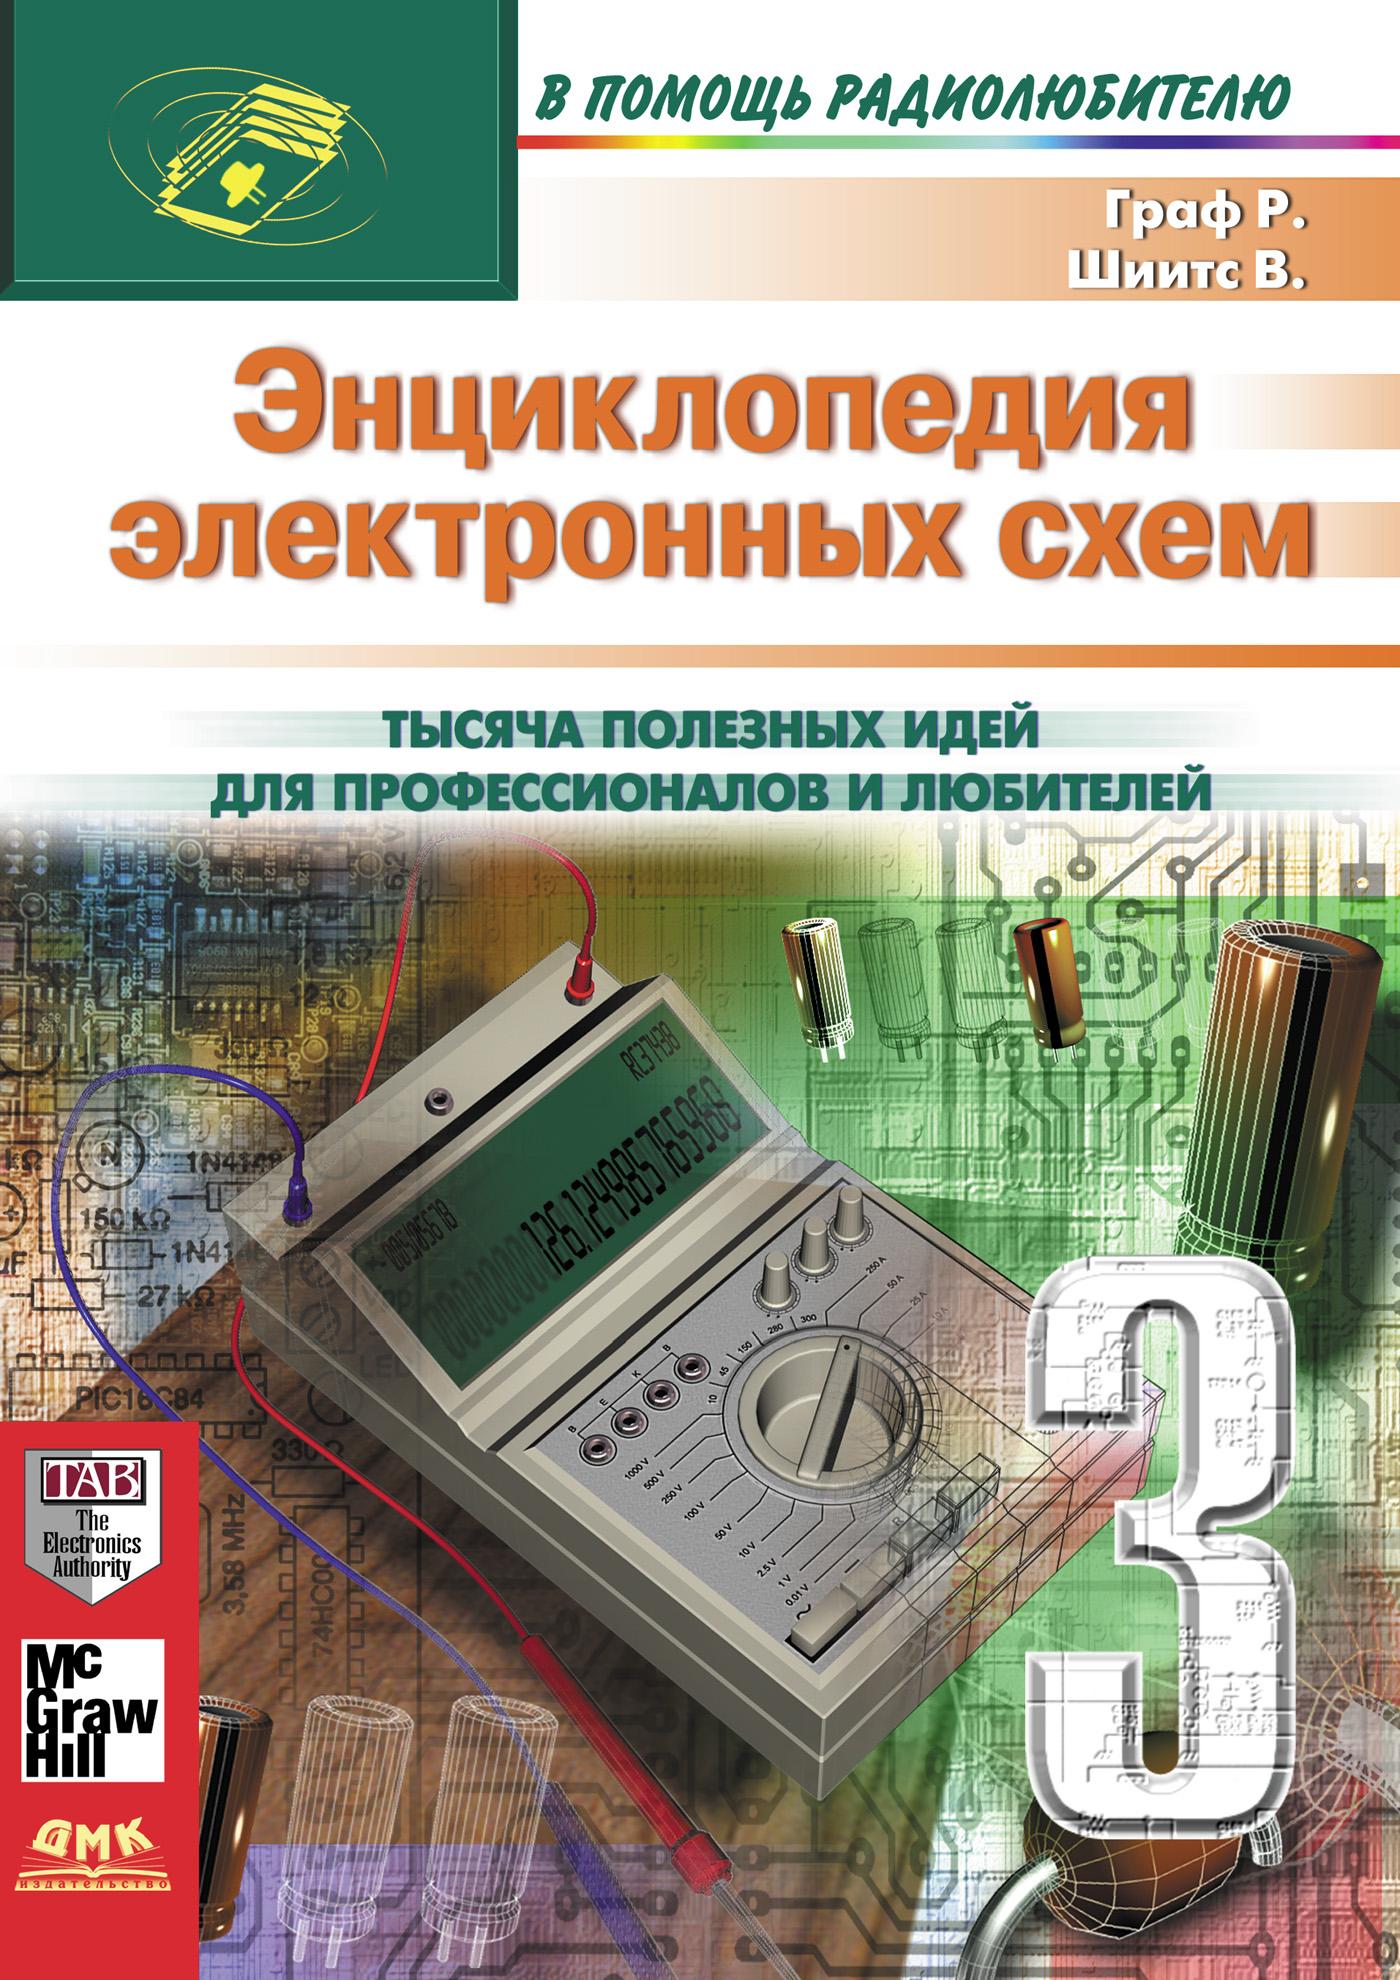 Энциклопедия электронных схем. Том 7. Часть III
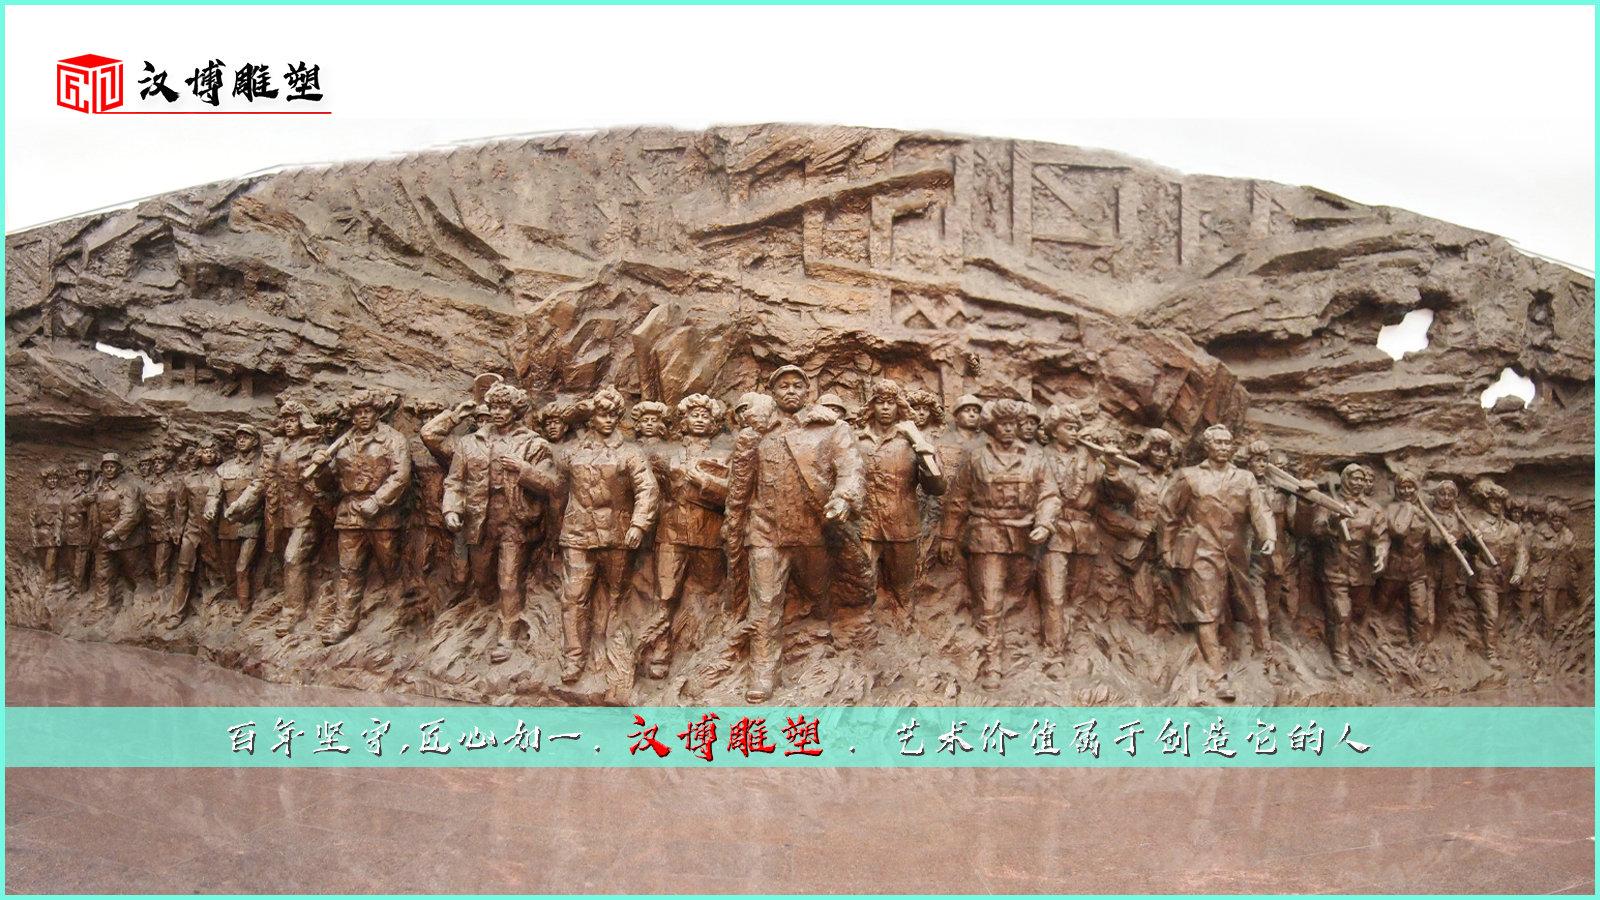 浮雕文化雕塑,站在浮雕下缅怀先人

---

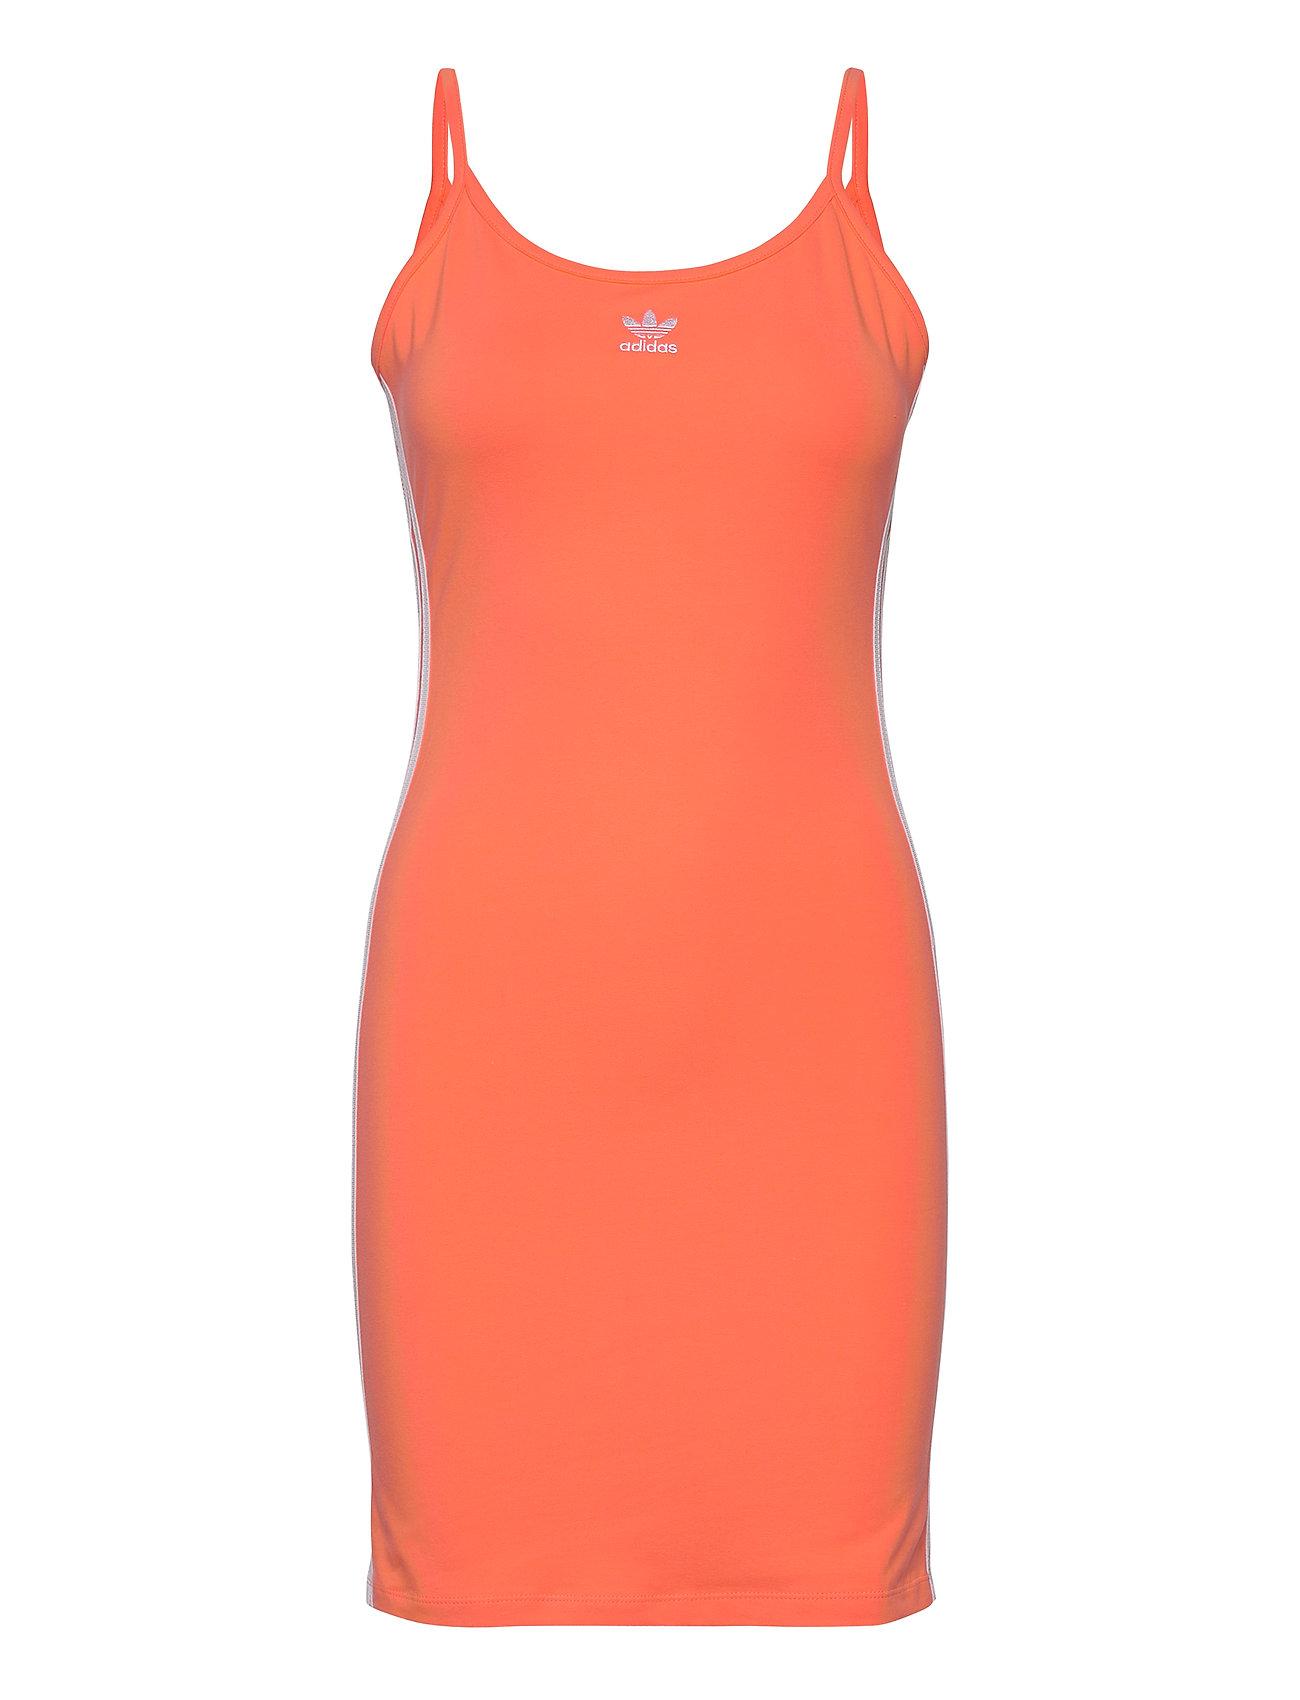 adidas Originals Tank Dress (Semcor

▶ Work instruction: How would the lines above read from the one with "Энциклопедия электронных схем." to the one with "浮雕文化雕塑,站在浮雕下缅怀先人", inclusive, with no pictures? Write them out exactly.

▶ Finished task:
 Энциклопедия электронных схем. Том 7. Часть III
 浮雕文化雕塑,站在浮雕下缅怀先人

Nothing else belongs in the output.